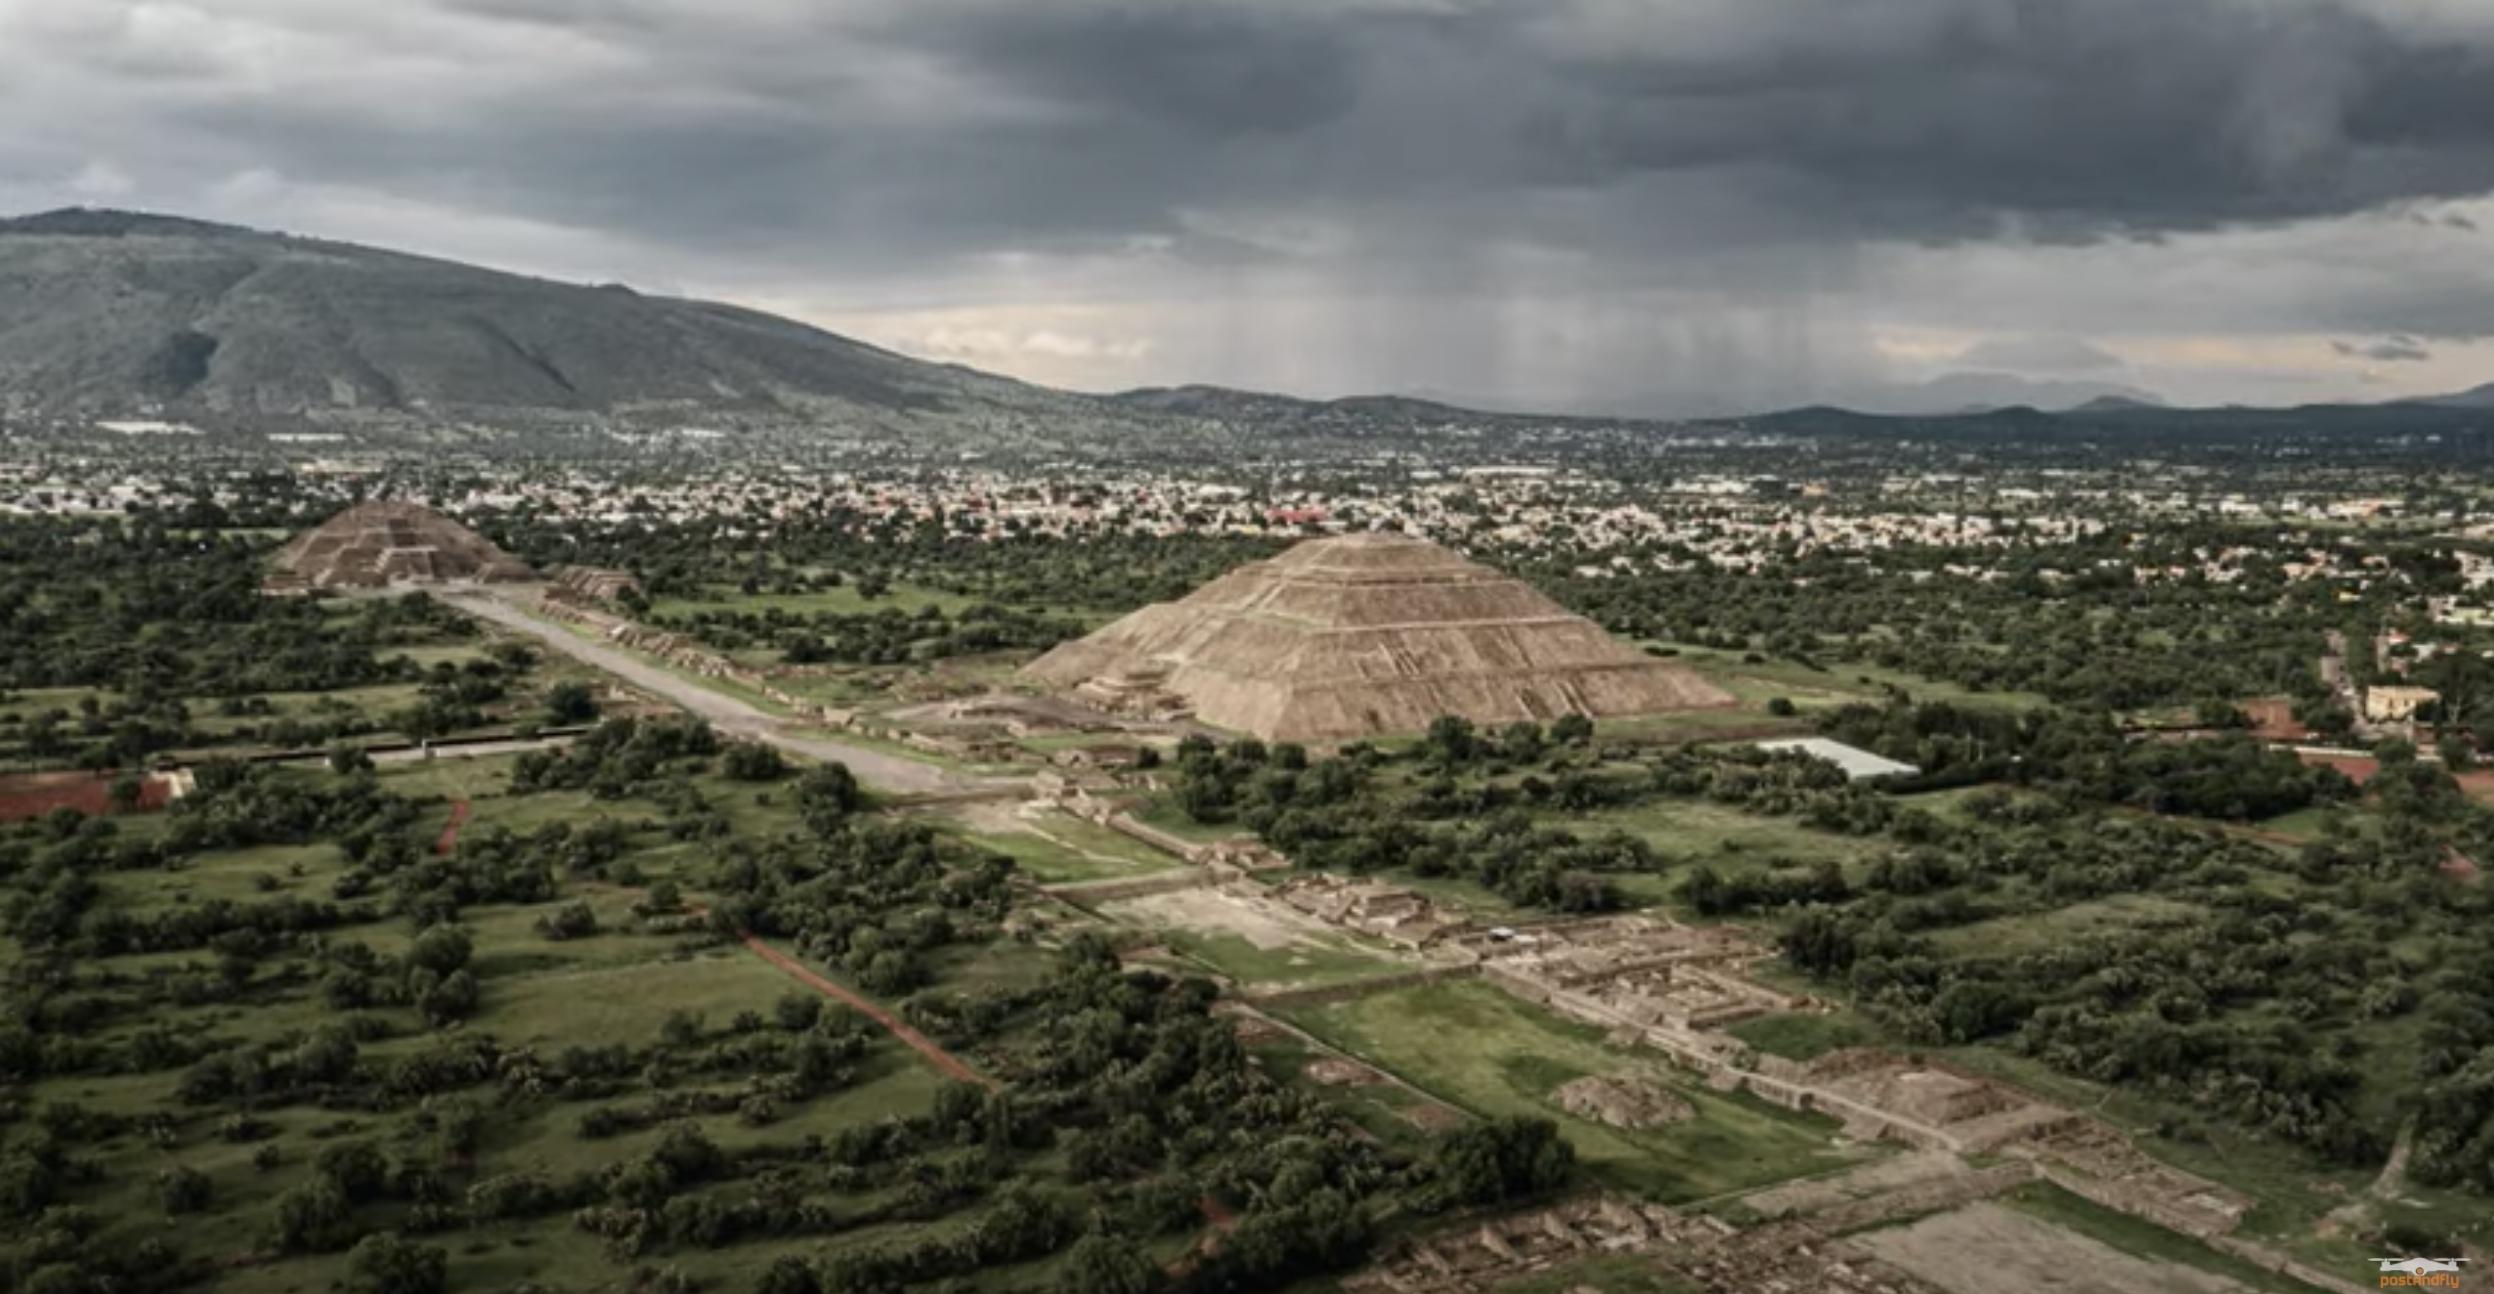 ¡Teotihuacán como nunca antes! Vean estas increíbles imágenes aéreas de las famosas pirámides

---

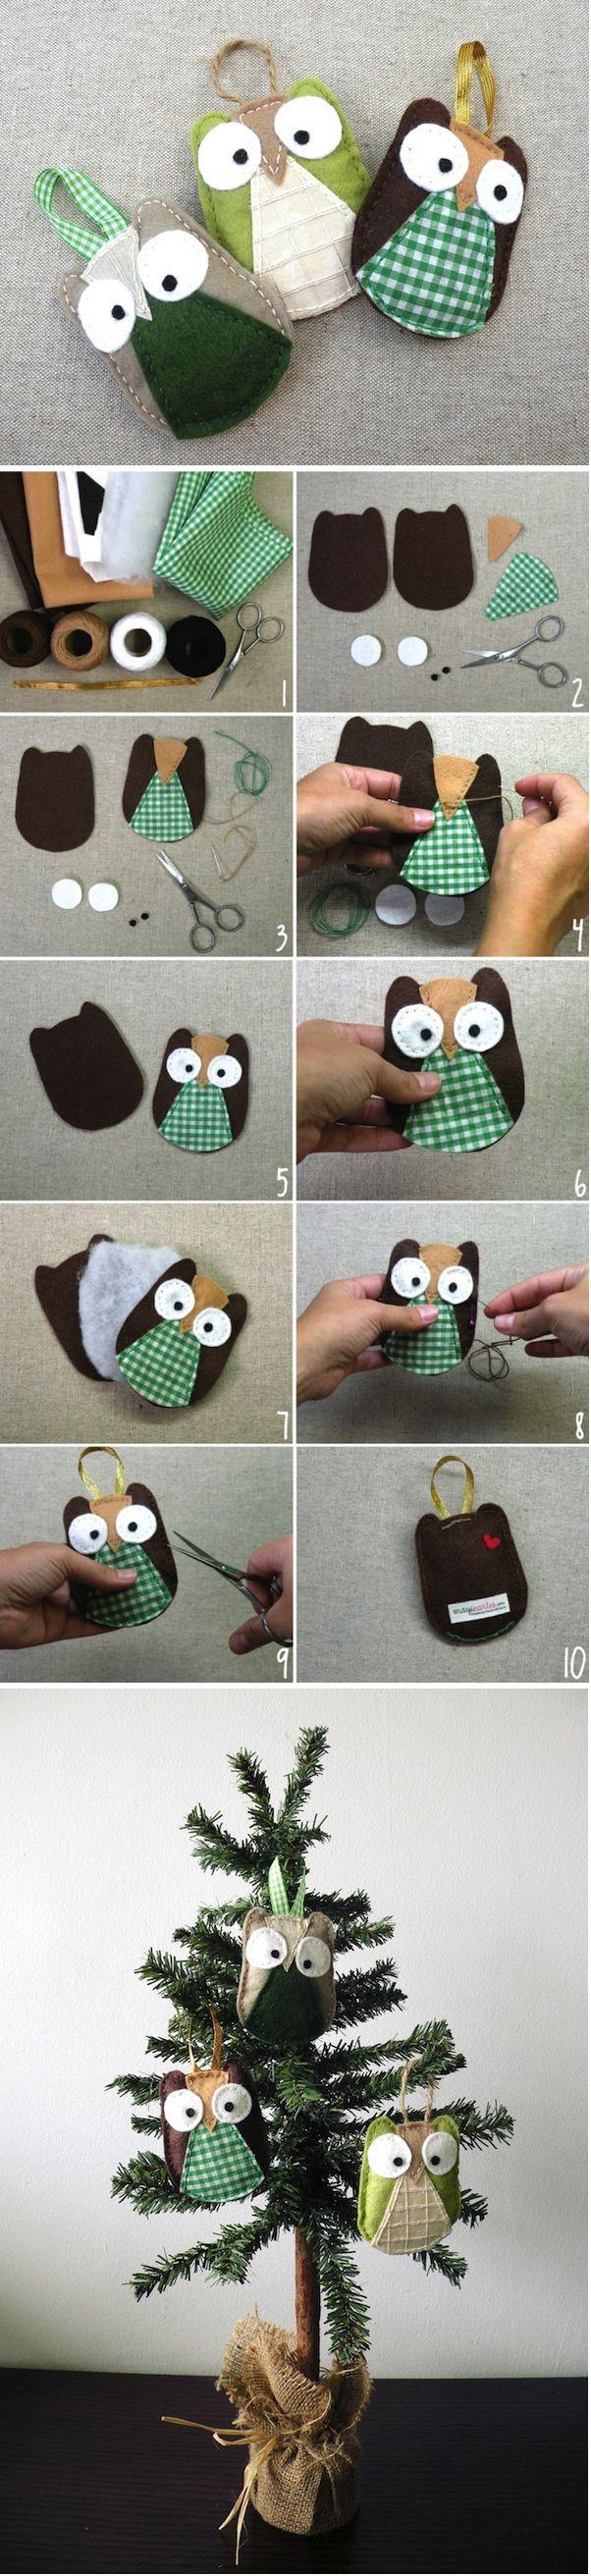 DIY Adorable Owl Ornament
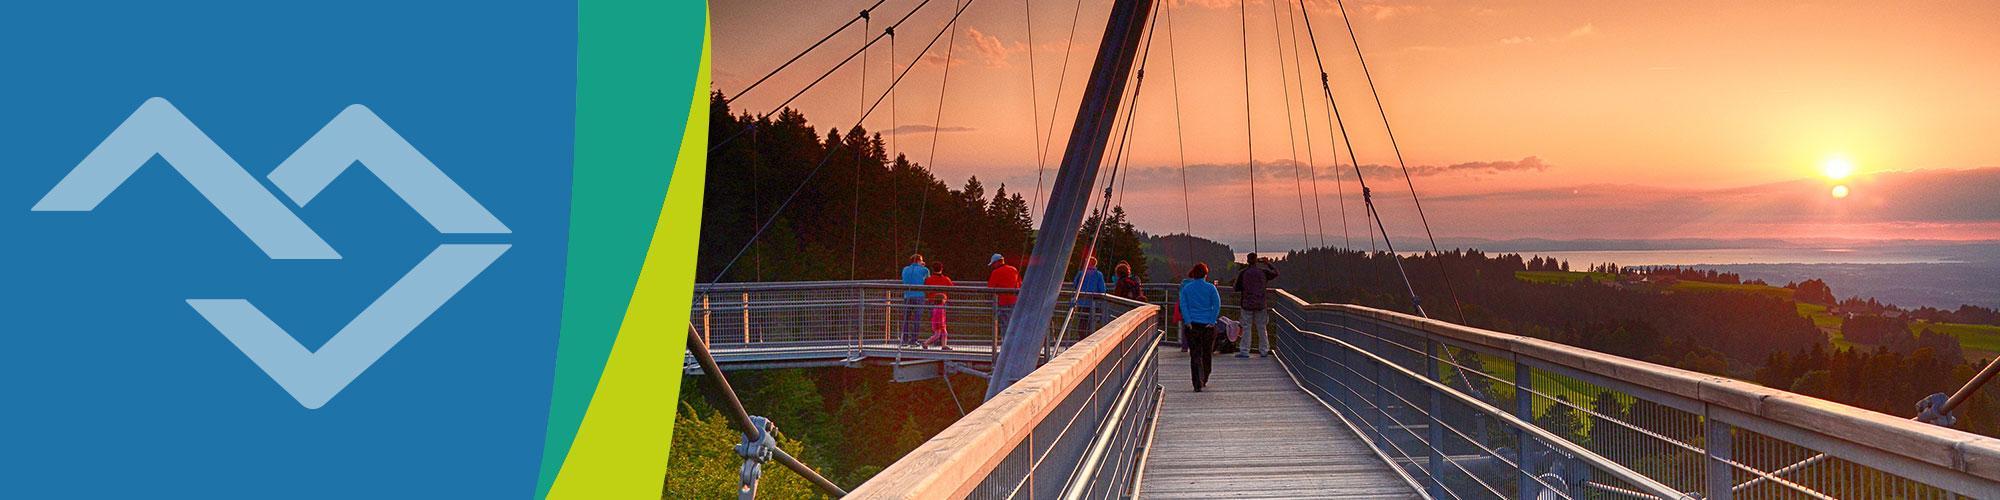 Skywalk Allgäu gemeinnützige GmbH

# [Work request]
An exact transcription is needed of the lines from the one with "DIY Adorable Owl Ornament" to the one with "Skywalk Allgäu gemeinnützige GmbH" above, both ends included, with pictures left out.

# [Solution to this problem]
 DIY Adorable Owl Ornament
 Skywalk Allgäu gemeinnützige GmbH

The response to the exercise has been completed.